An empty room is silent. A room where people are not speaking or moving is quiet. Silence is a given, quiet a gift. Silence is the absence of sound and quiet the stilling of sound. Silence can't be anything but silent. Quiet chooses to be silent. It holds its breath to listen. It waits and is still.
"In returning and in rest you shall be saved," says God through the prophet Isaiah, "in quietness and confidence shall be your strength" (Is. 30:15). They are all parts of each other. We return to our deep strength and to the confidence that lies beneath all our misgiving. The quiet there, the rest, is beyond the reach of the world to disturb. It is how being saved sounds.

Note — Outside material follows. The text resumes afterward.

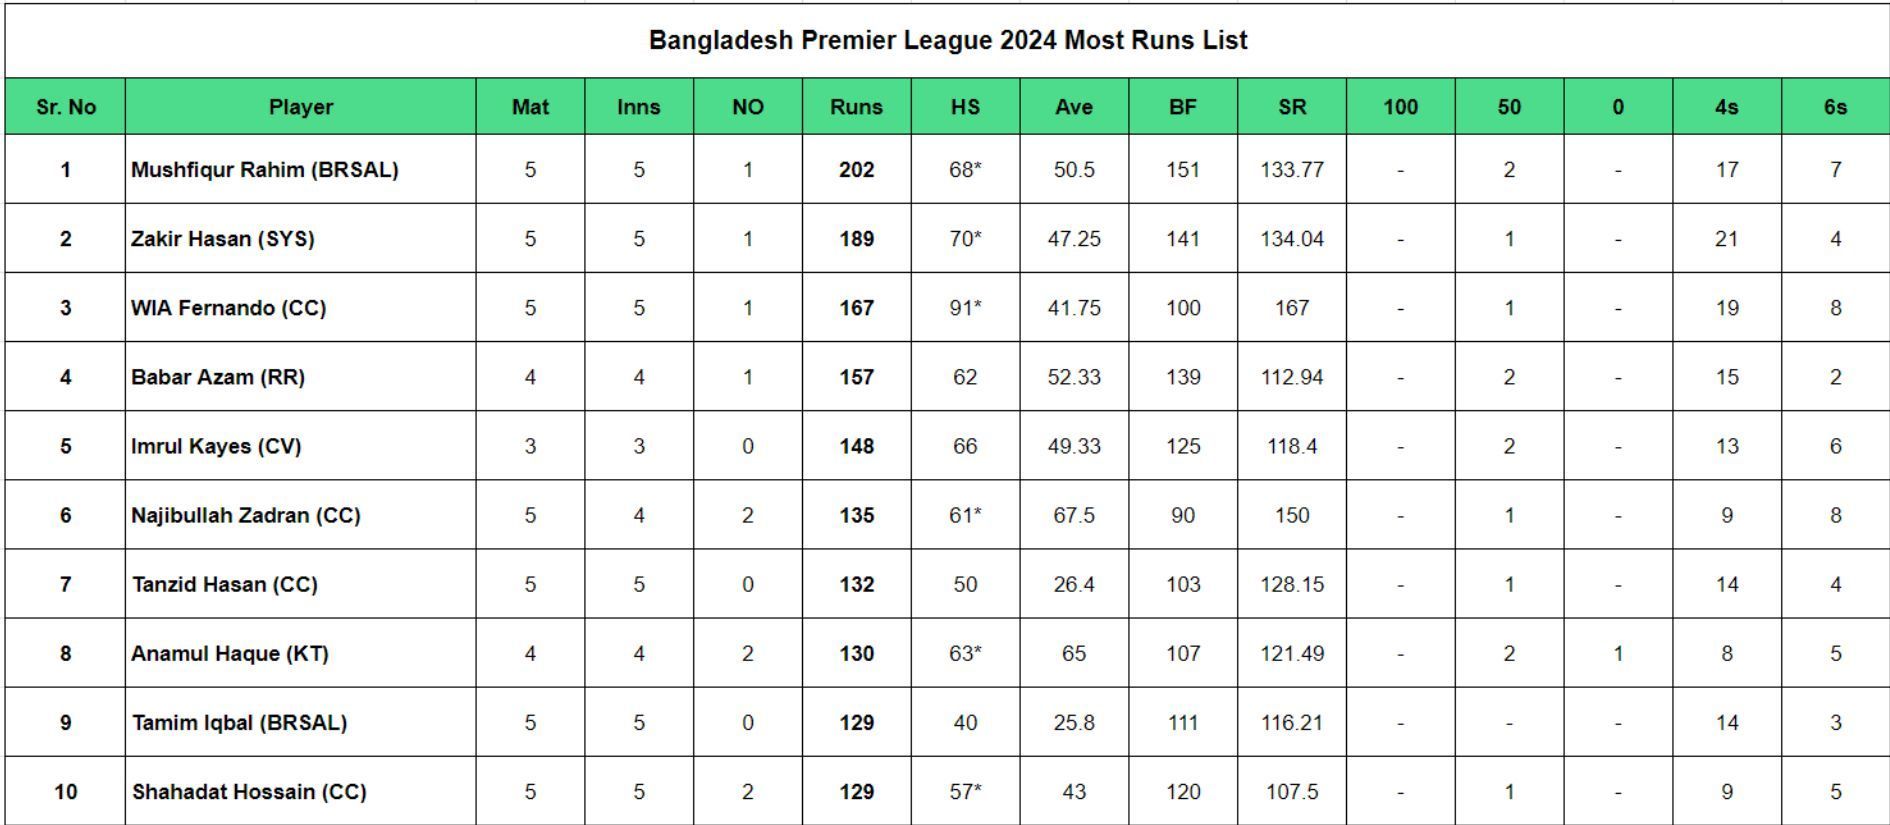 Bangladesh Premier League 2024 Most Runs List updated after Match 16

(Frederick Buechner, in Beyond Words)
This Thanksgiving I'd like to shut up for a few days anyway. Really shut up. I'd like to hear my family when they speak to me, really hear them, really understand what work is like for them, why they inexplicably care about who won the game (I'm not a sports person), what hurts, what the doctor said, how the missing or distant aunts and uncles and cousins are, and, once more, to hear my mother tell me a story she has told me at least 100 times because I need to, because it means something to her to say it again. I just need to shut up about myself and shut up my thoughts and really listen.

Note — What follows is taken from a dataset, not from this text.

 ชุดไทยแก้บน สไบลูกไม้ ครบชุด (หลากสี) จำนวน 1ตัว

And I need to shut up and listen to God. I need to listen to why I need to be thankful. Tomorrow when I ride through the trees and down back roads on my bike, I need to listen and look at what is there, what I can be thankful for, and forget for a time what I think I need. I need to forget myself and be filled with what has been given me.
"Be still and know that I am God," the Psalmist says. I wonder if I can.